En una ocasión, Ana, una niña de 5 años, muy amante de pintar y hacer trabajos plásticos, me dijo: «¿Sabes qué? Yo cuando voy a dibujar algo, primero me lo dibujo dentro, en mi cabeza y luego me copio de mi dibujo y lo hago en el papel».

Saber que hay una interioridad en las personas, un lugar íntimo adonde nadie accederá si uno no quiere, da bastante seguridad. Así se sabe uno poseedor de buenas cosas que andan por ahí adentro, se tiene la posibilidad de saberse diferente sin agobiarse, se siente uno lleno de sí mismo, y eso facilita, por un lado, poder soportar con más serenidad las carencias, la soledad o el aburrimiento. Y por otro, poder crear con desenvoltura: dibujos, cuentos, juegos, bailes, o cualquier otra cosa.

Pensemos ahora en un bebé de los de ahora, de los que son asomados a la pantalla (sea móvil, tablet o televisión) a ver a Pepa Pig, a La Patrulla Canina y demás parentela laaaaargos ratos cada día. Es fácil pensar con qué llenará él su imaginario, qué acudirá a su imaginación cuando se pare a pensar, qué intentará reflejar en sus dibujos cuando sea más mayorcito. Yo he visto niños que solo dibujaban a Spiderman. Niñas que siempre representaban Barbis. E incluso he visto a algunos que se negaban a dibujar, y hasta lloraban, porque querían hacer a sus personajes preferidos de los dibujos animados y no lo lograban con la exactitud que hubieran querido.

Un poco más adelante nos encontramos con que los niños necesitan ver una pantalla desde que se levantan hasta que se acuestan, que insisten en desayunar, comer o irse a dormir viéndola, que prefieren ver su programa favorito a jugar con otros niños. Son, en fin, niños adictos, pasivos, dependientes. Y, por tanto, sumamente influenciables, sensibles a la propaganda, a los criterios de los demás, a las modas y, por supuesto, a los mensajes lanzados por las pantallas, sus inseparables compañeras. 
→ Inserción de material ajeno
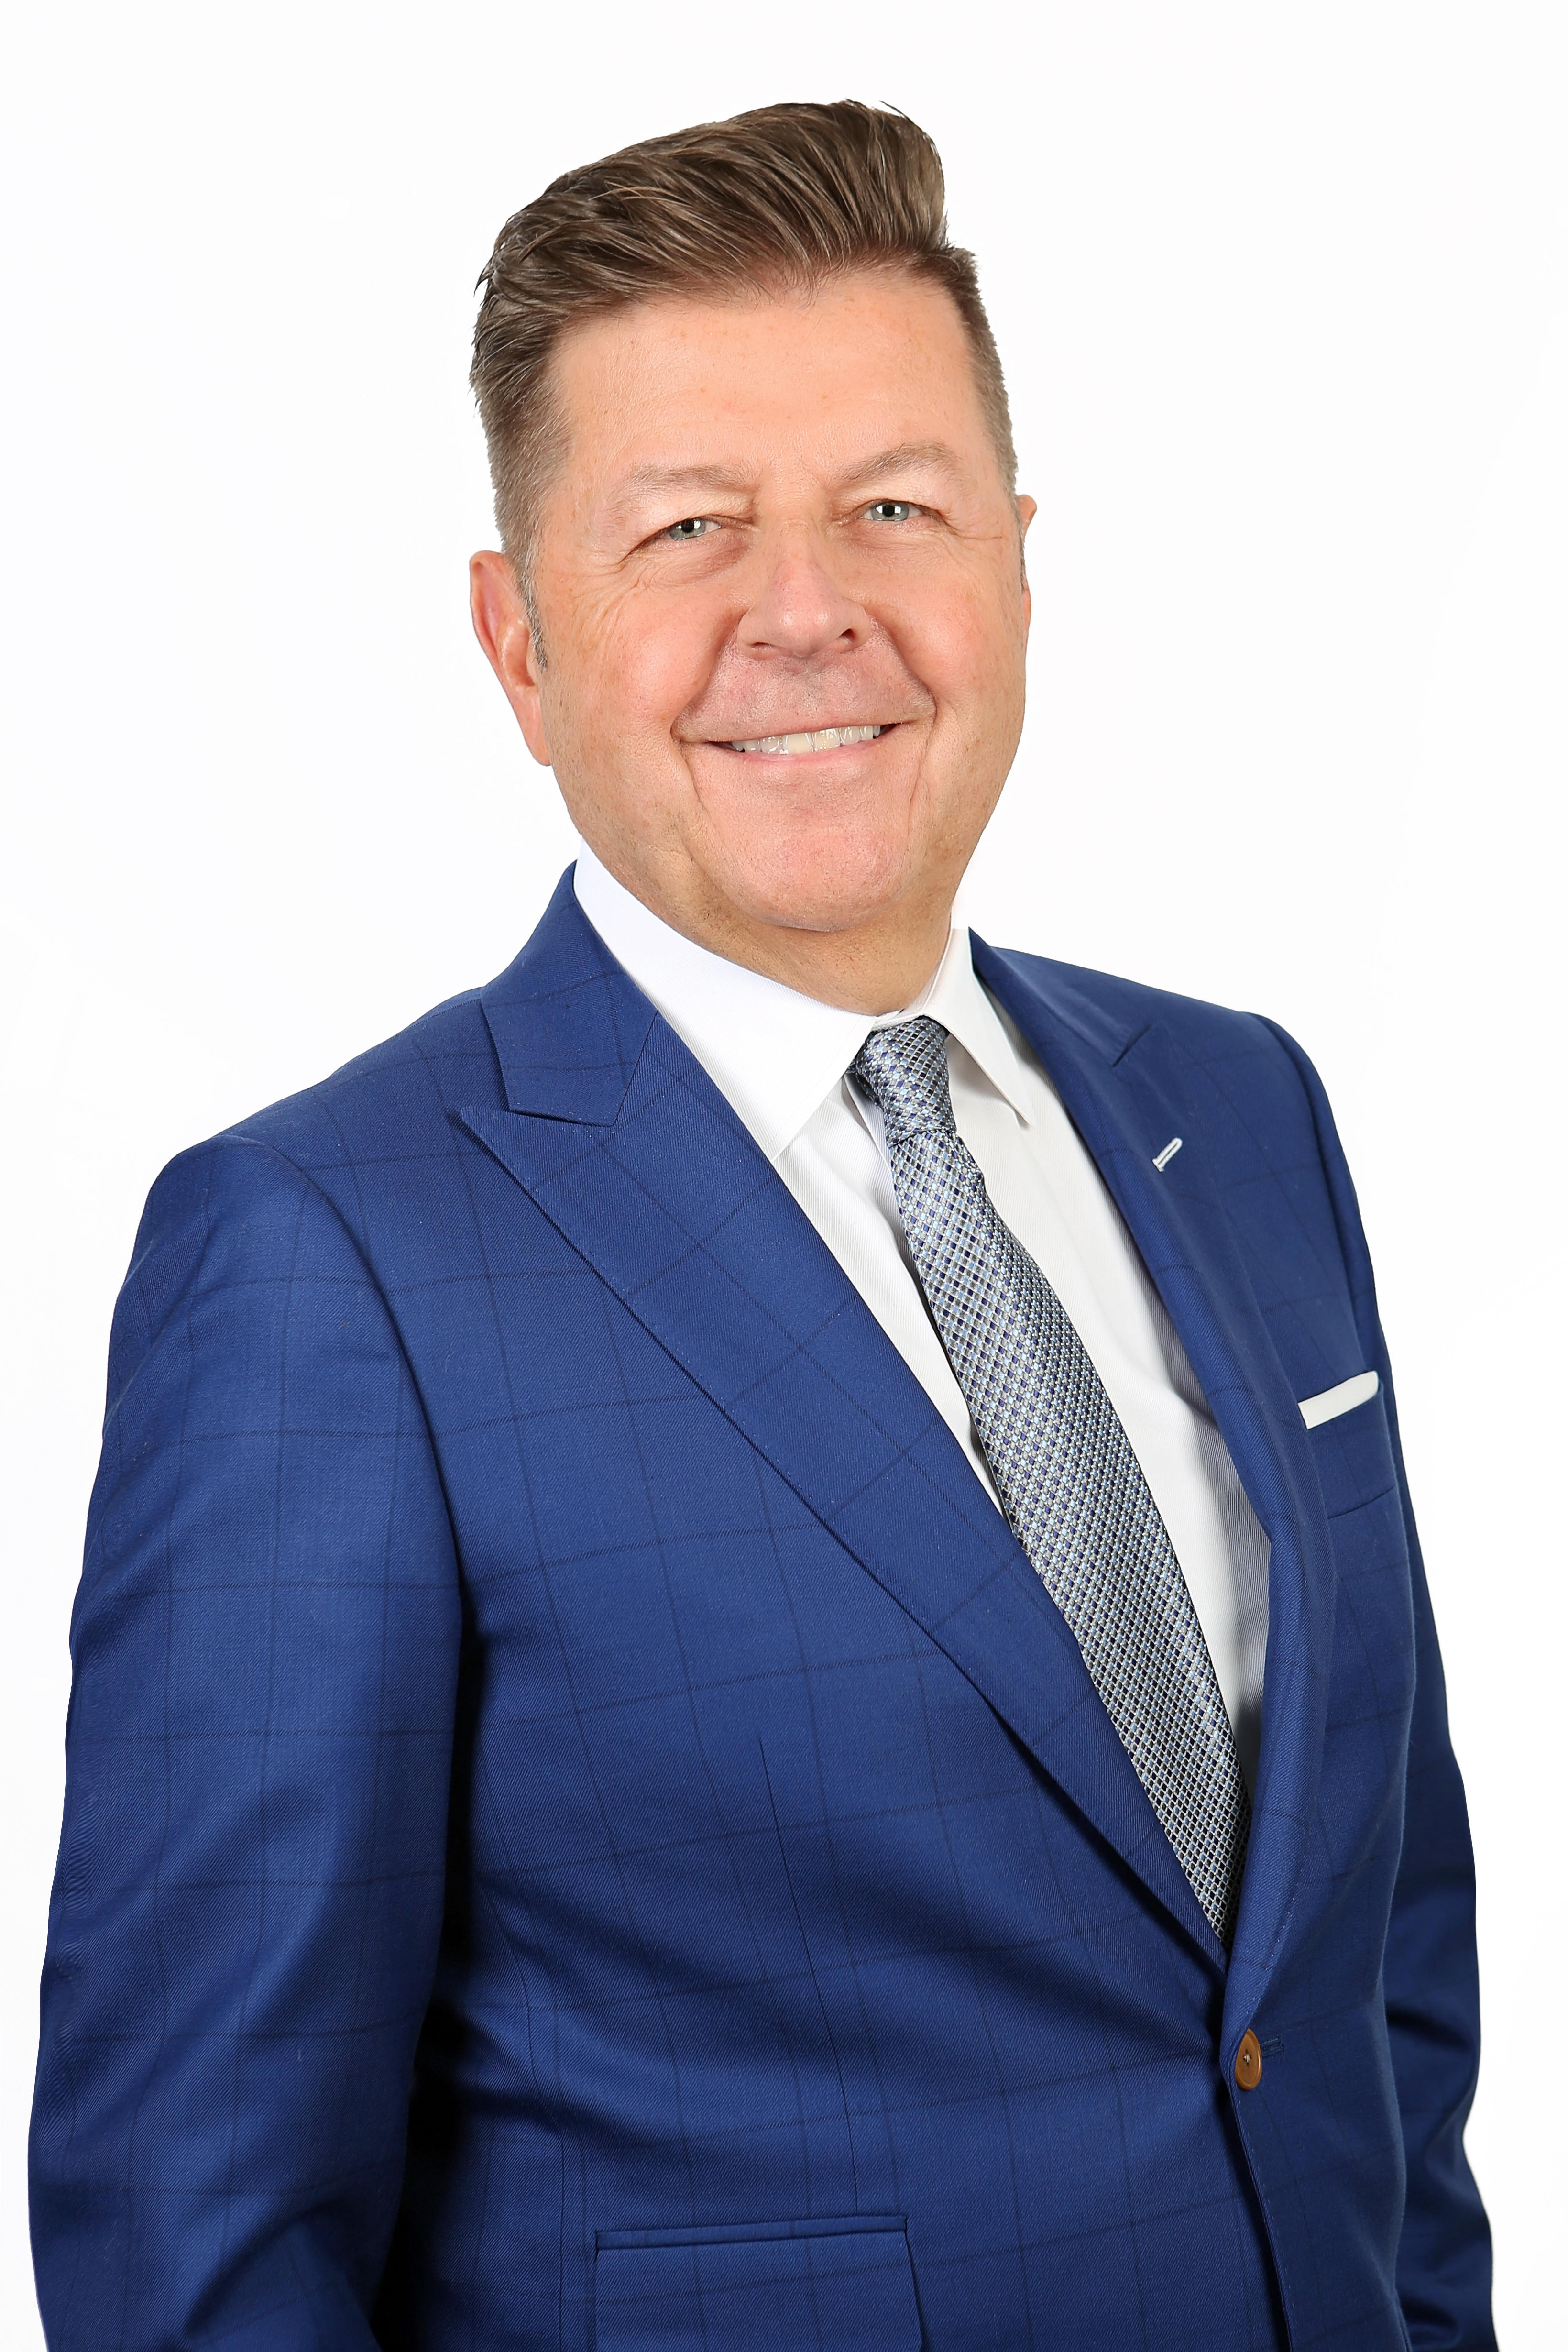 Nick Maggio - ScotiaMcLeod, Scotia Wealth Management - Vaughan, ON L4K 0J8 - (905)695-1510 | ShowMeLocal.com

Pero las pantallas no son inocentes. Dicen que entretienen. Dicen que enseñan. Dicen que calman. Sin embargo, lo que hacen son otras cosas. Primero roban a los niños el tiempo de mirar libremente alrededor, de jugar, de explorar, de inventar, de estar con otros y hasta de estar solos. Después les roban la capacidad de imaginar, con sus dibujos estereotipados, homogeneizadores y ajenos a sus vidas. Y más adelante, les roban la voluntad haciéndolos sumisos consumidores, (que de eso se trataba).

Si queremos que nuestros niños empiecen con buen pie… ¡NADA DE PANTALLAS EN SUS VIDAS NUEVAS!